Concrete Analysis | Far more flats are needed than are planned in the Hong Kong government’s long-term housing strategy
- The soaring real estate prices and unstable housing supply of the past decade is the result of inadequate planning for long-term supply by the government
- The potential land supply for the whole of 2020 is expected to provide capacity about 15,700 units only
According to a Hong Kong government report last year on long-term housing strategy, the target for total housing supply in the next 10 years has been adjusted down from 450,000 to 430,000 units.

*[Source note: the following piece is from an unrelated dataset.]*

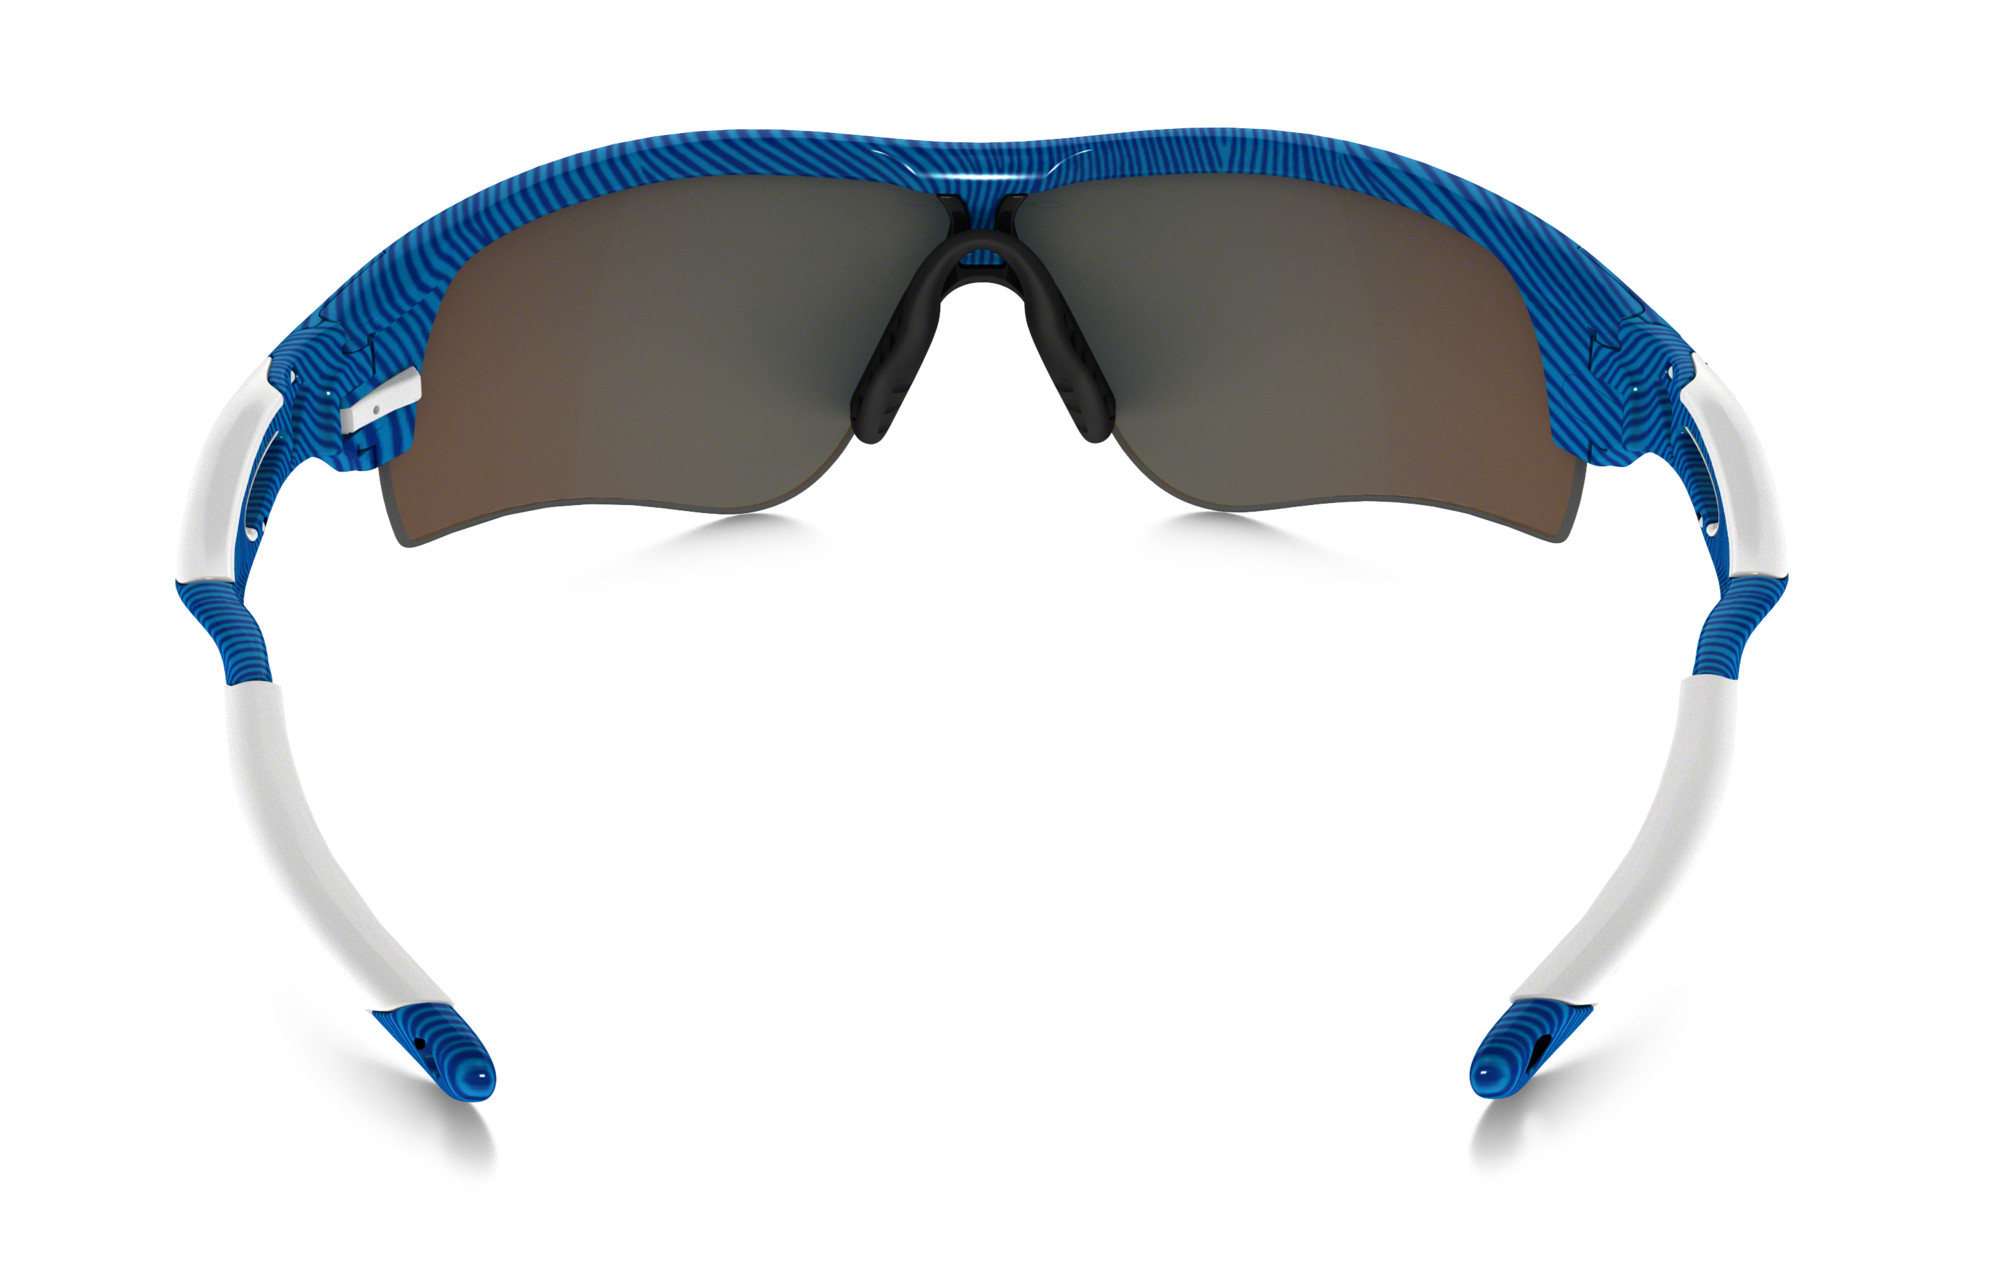 855e70c7e04396 OAKLEY Paire de lunettes FINGERPRINT RADARLOCK PATH Bleu Sapphire Iridium  réf oo9181-46

The number of private houses within this will fall from 135,000 to 129,000 units.
In other words, the supply of private residential units in the coming decade will be roughly 13,000 per year.
This is undoubtedly bad news for many Hongkongers, who have set home ownership as one of their lifetime goals.
Based on statistics provided by the Transport and Housing Bureau, from 2009 to 2018 the annual number of completed private residential flats was just 13,000, while the latest figures from the Rating and Valuation Department show this figure fell sharply in the last year.
Only 12,925 private flats were completed in the first 11 months of 2019, down 18 per cent from 2018. And that is not to mention the fact around 20,000 to 30,000 flats were completed each year in the 1990s.
It is estimated that there is a shortfall of half a million residential units currently because of the city’s prolonged failure to supply adequate land to meet housing demand.
On February 26, as part of the 2020 budget Hong Kong’s financial secretary announced a land sale programme comprising 15 residential sites, capable of providing about 7,500 residential units. Together with railway property development projects and private development and redevelopment projects, the potential land supply for the whole year is expected to have the capacity of providing about 15,700 units only.